Work instructions = Copy the data that follows, character for character, minus the pictures.

Data block =
**********

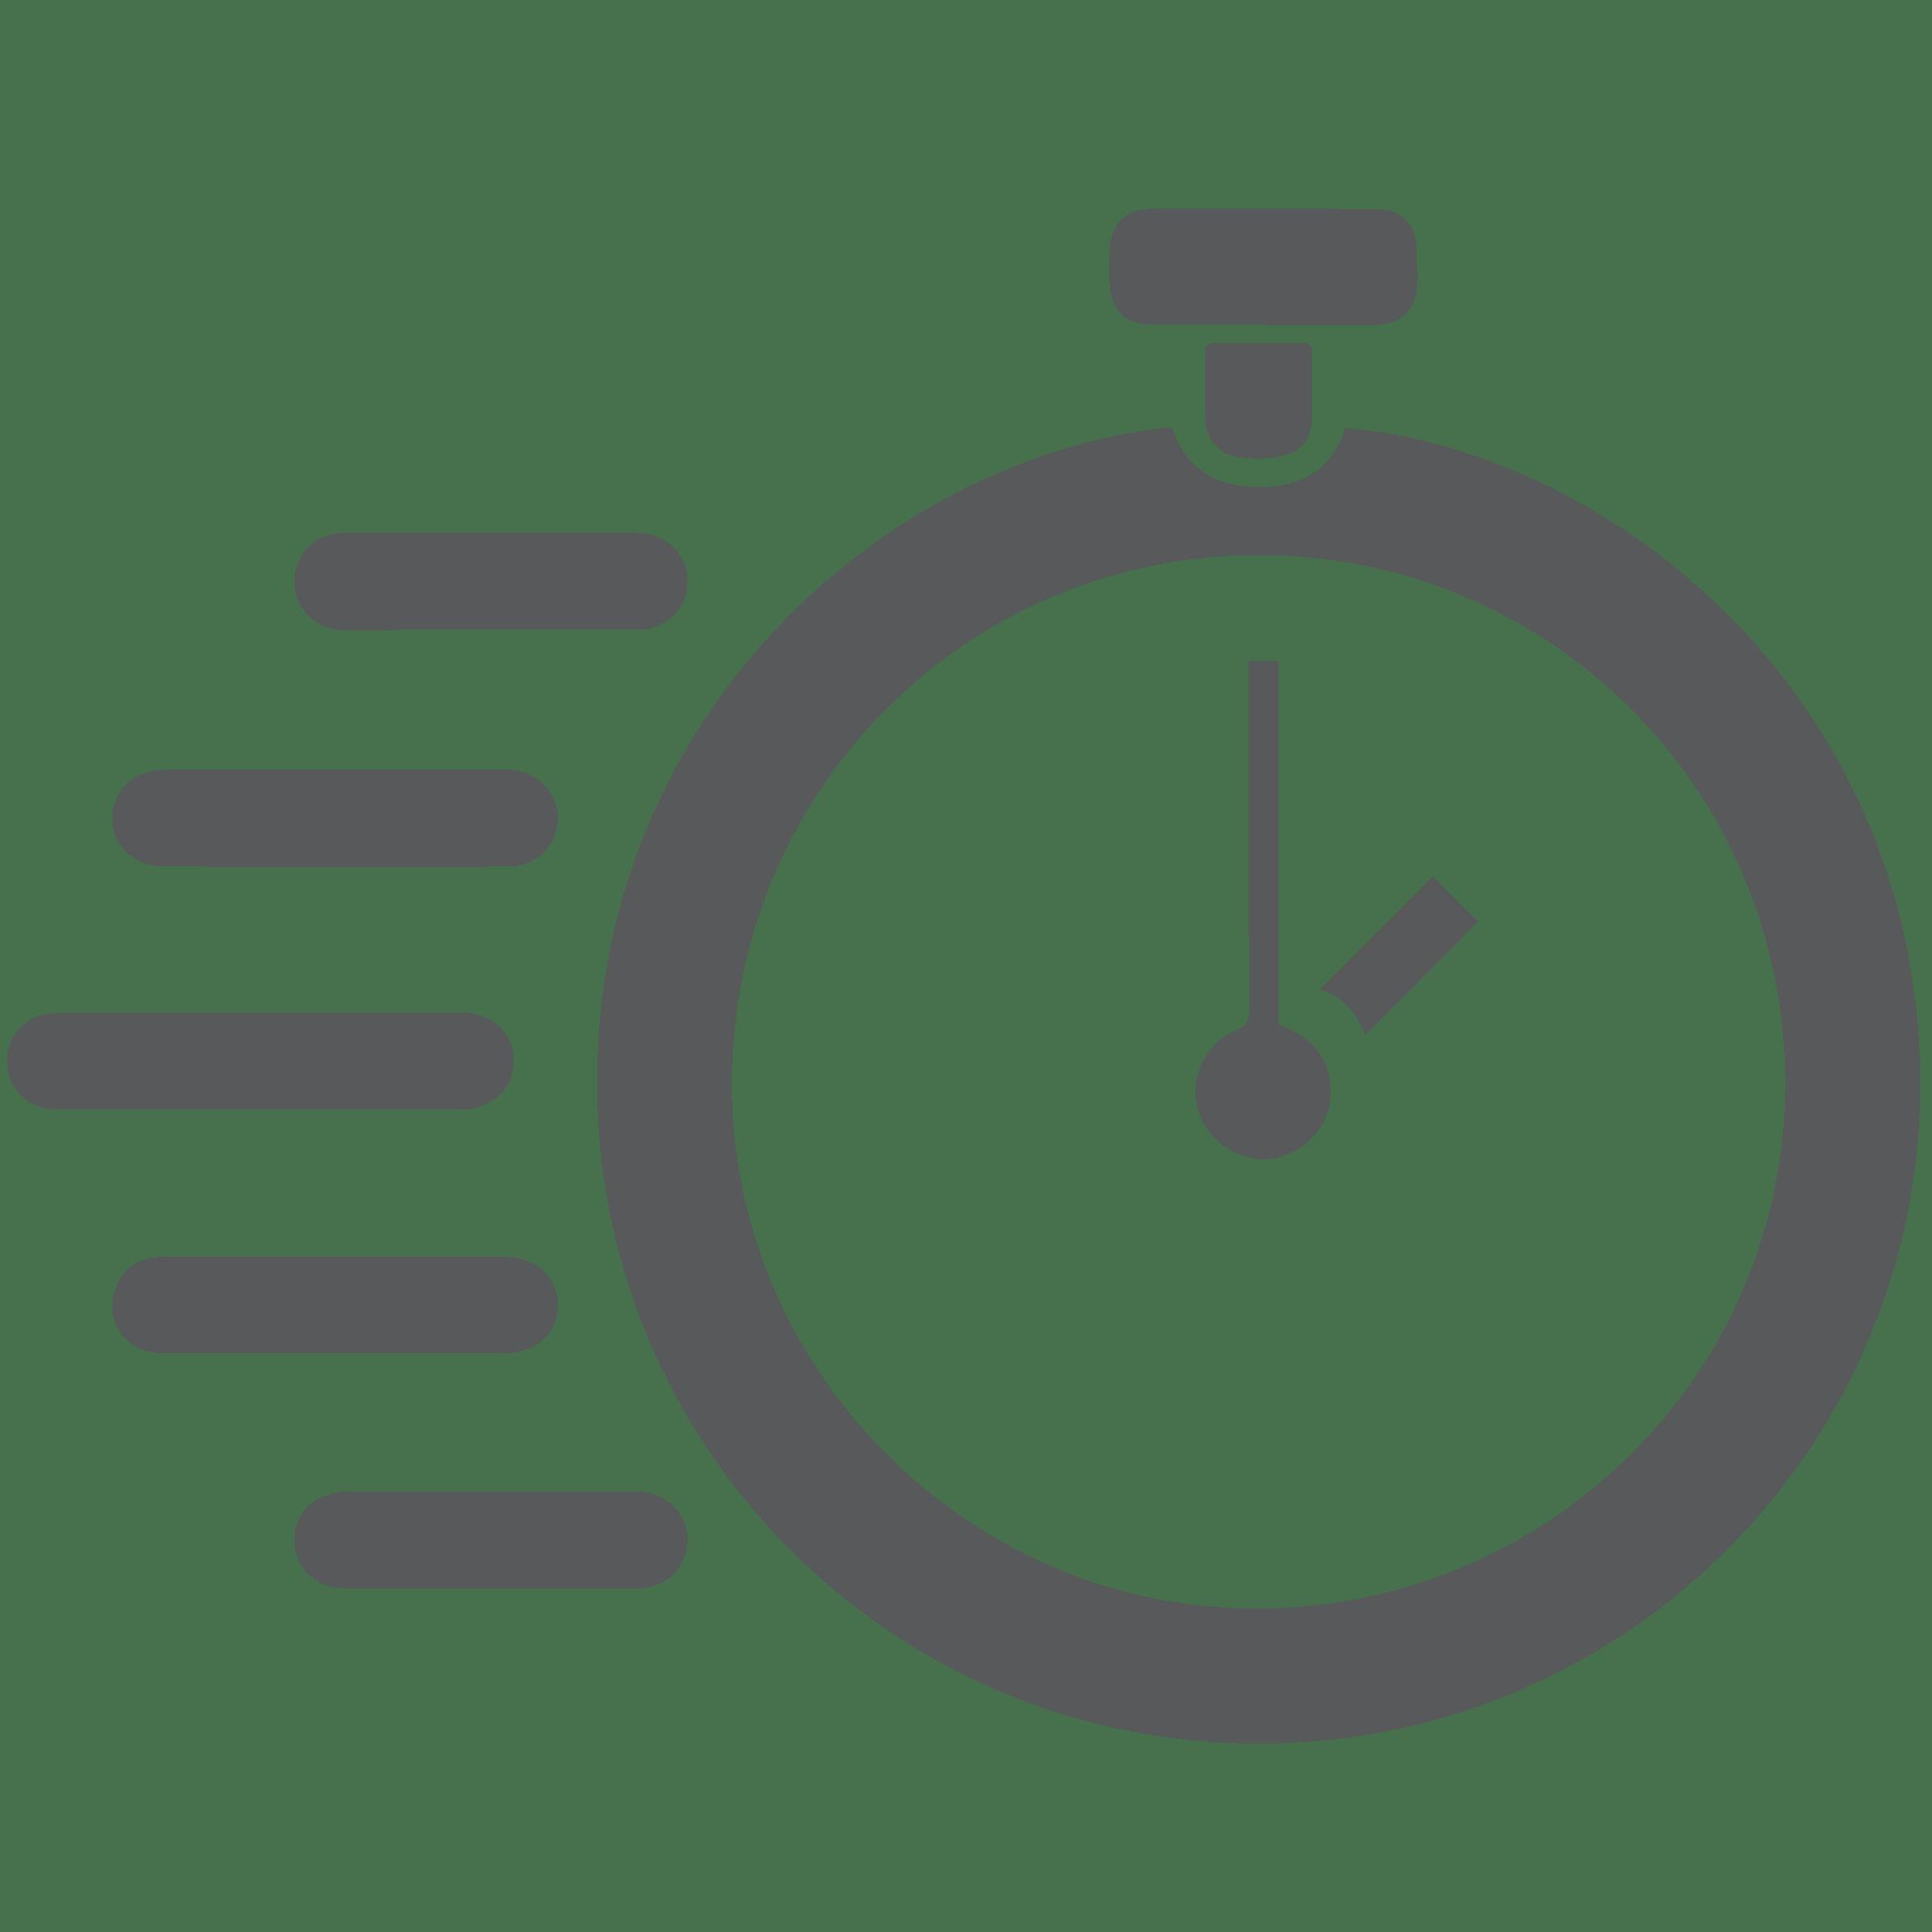 Speed stopwatch icon
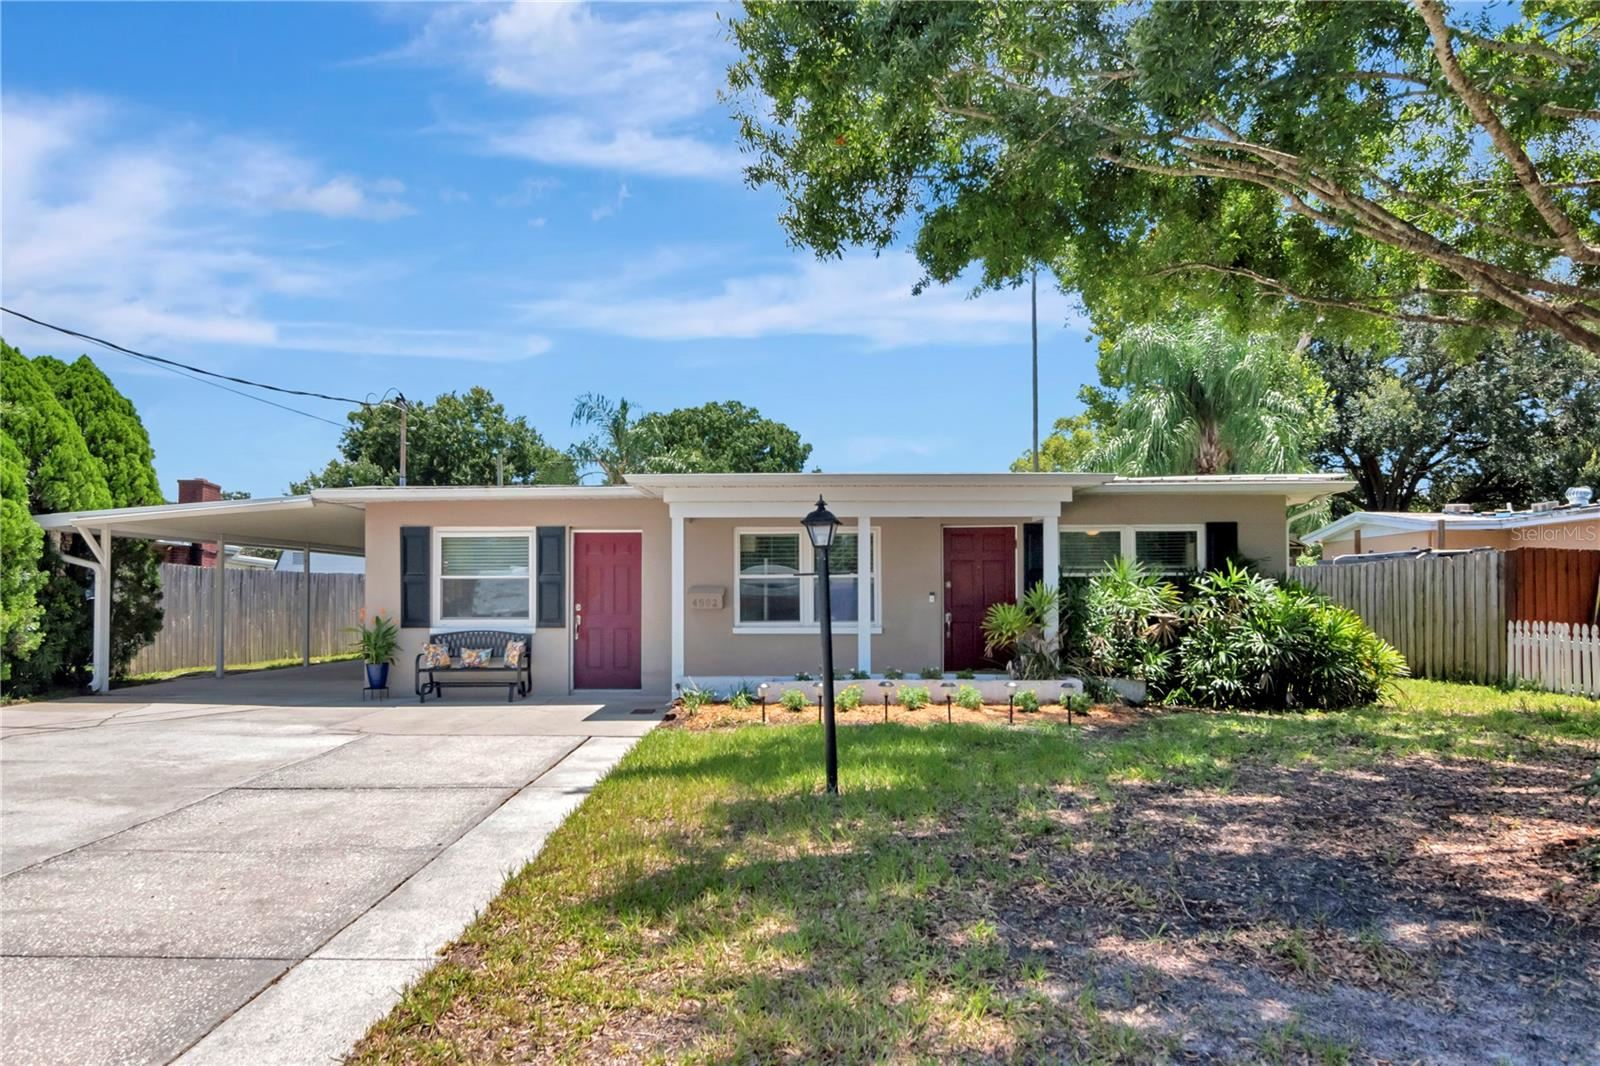 4502 S HALE AVENUE, Tampa, FL 33611 - #: T3319416
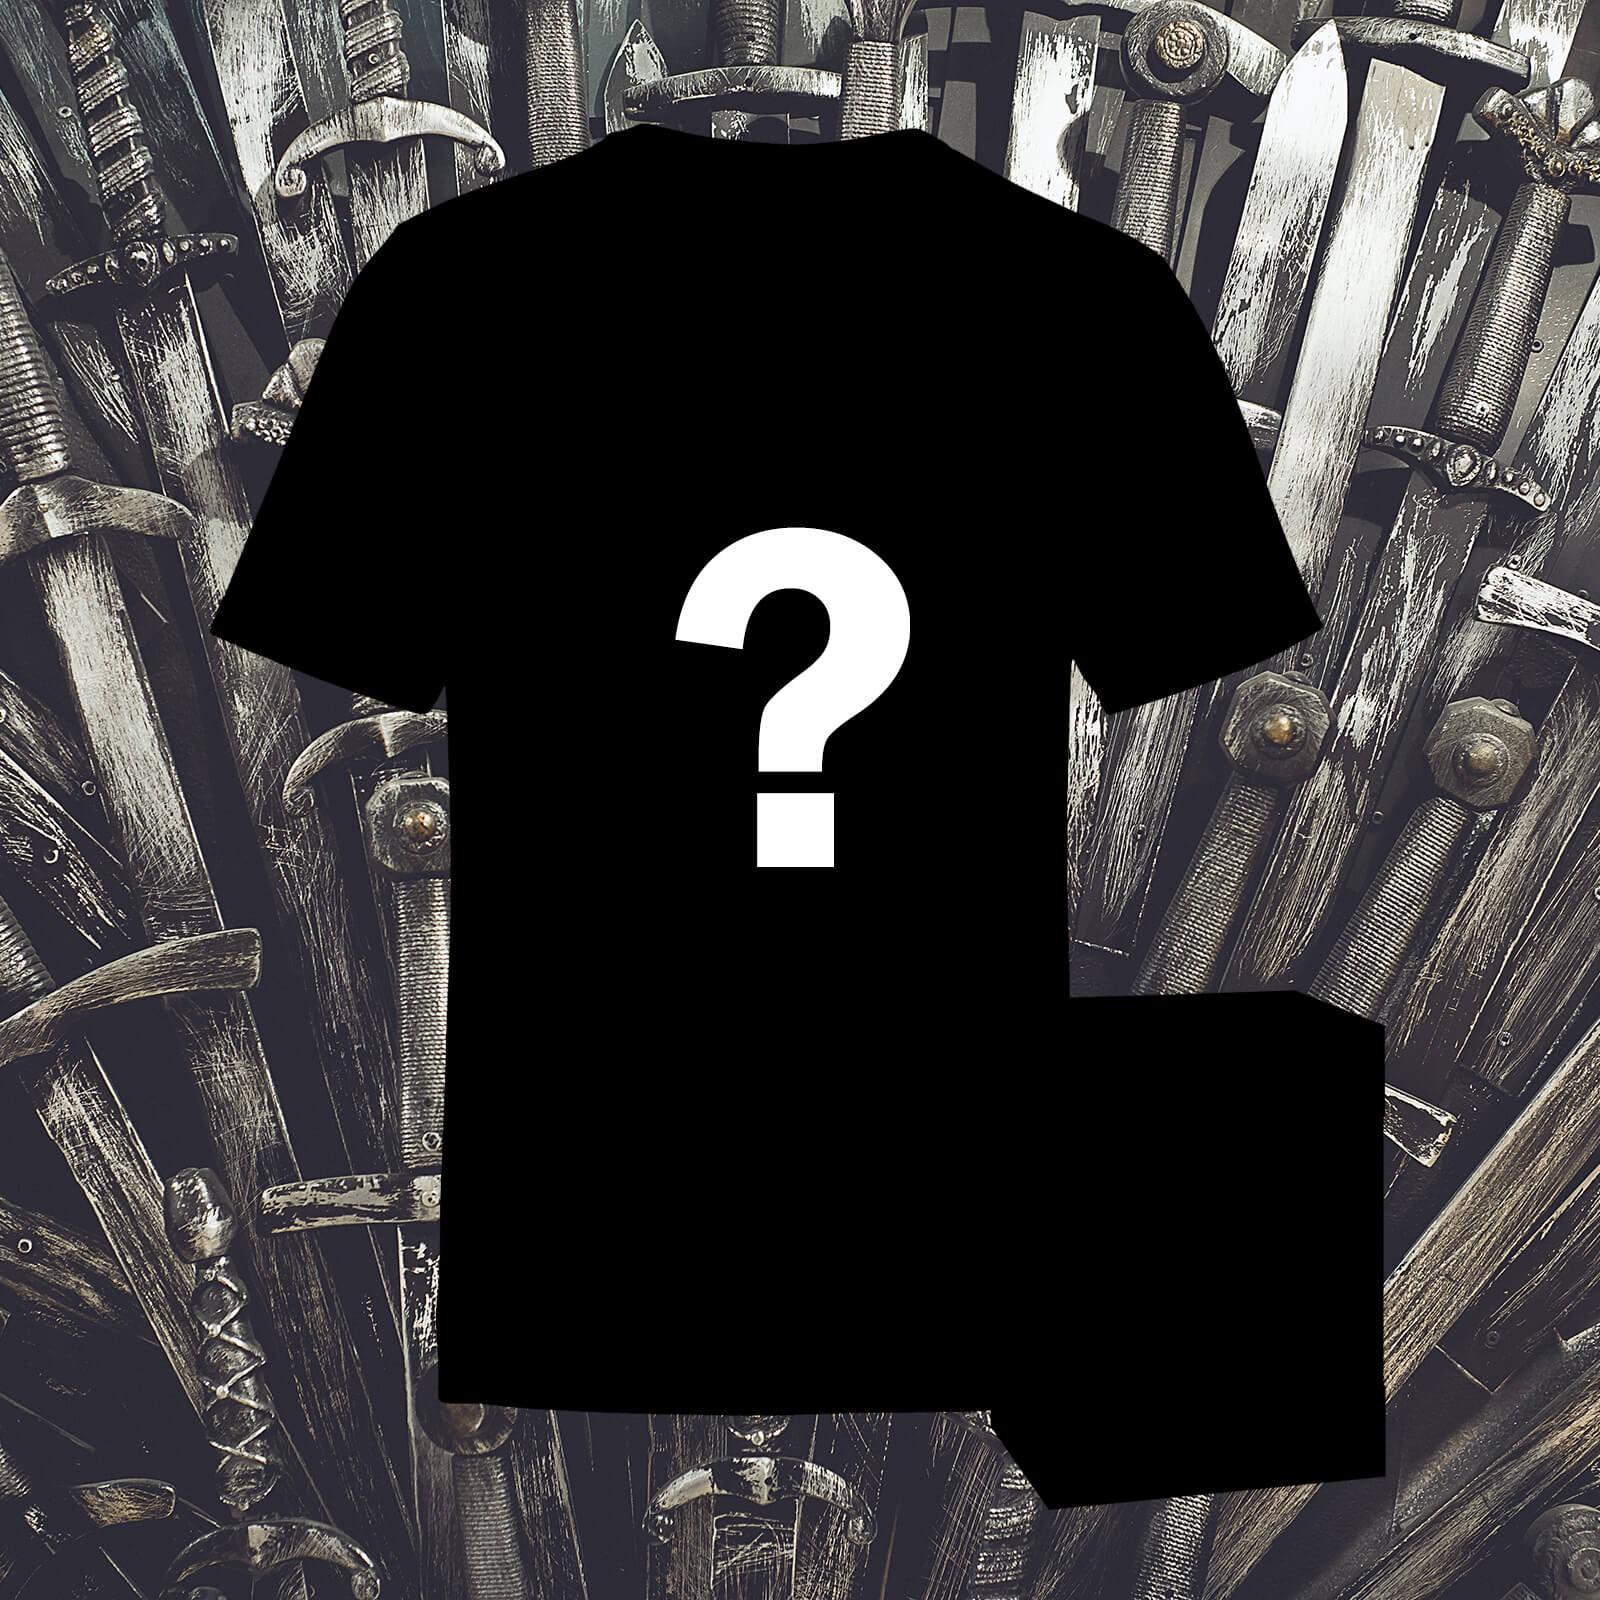 Game Of Thrones finale bundle. T-shirt and Pop vinyl figure - £14.99 @ Zavvi

**********

Expected answer =
 Speed stopwatch icon
 4502 S HALE AVENUE, Tampa, FL 33611 - #: T3319416
 Game Of Thrones finale bundle. T-shirt and Pop vinyl figure - £14.99 @ Zavvi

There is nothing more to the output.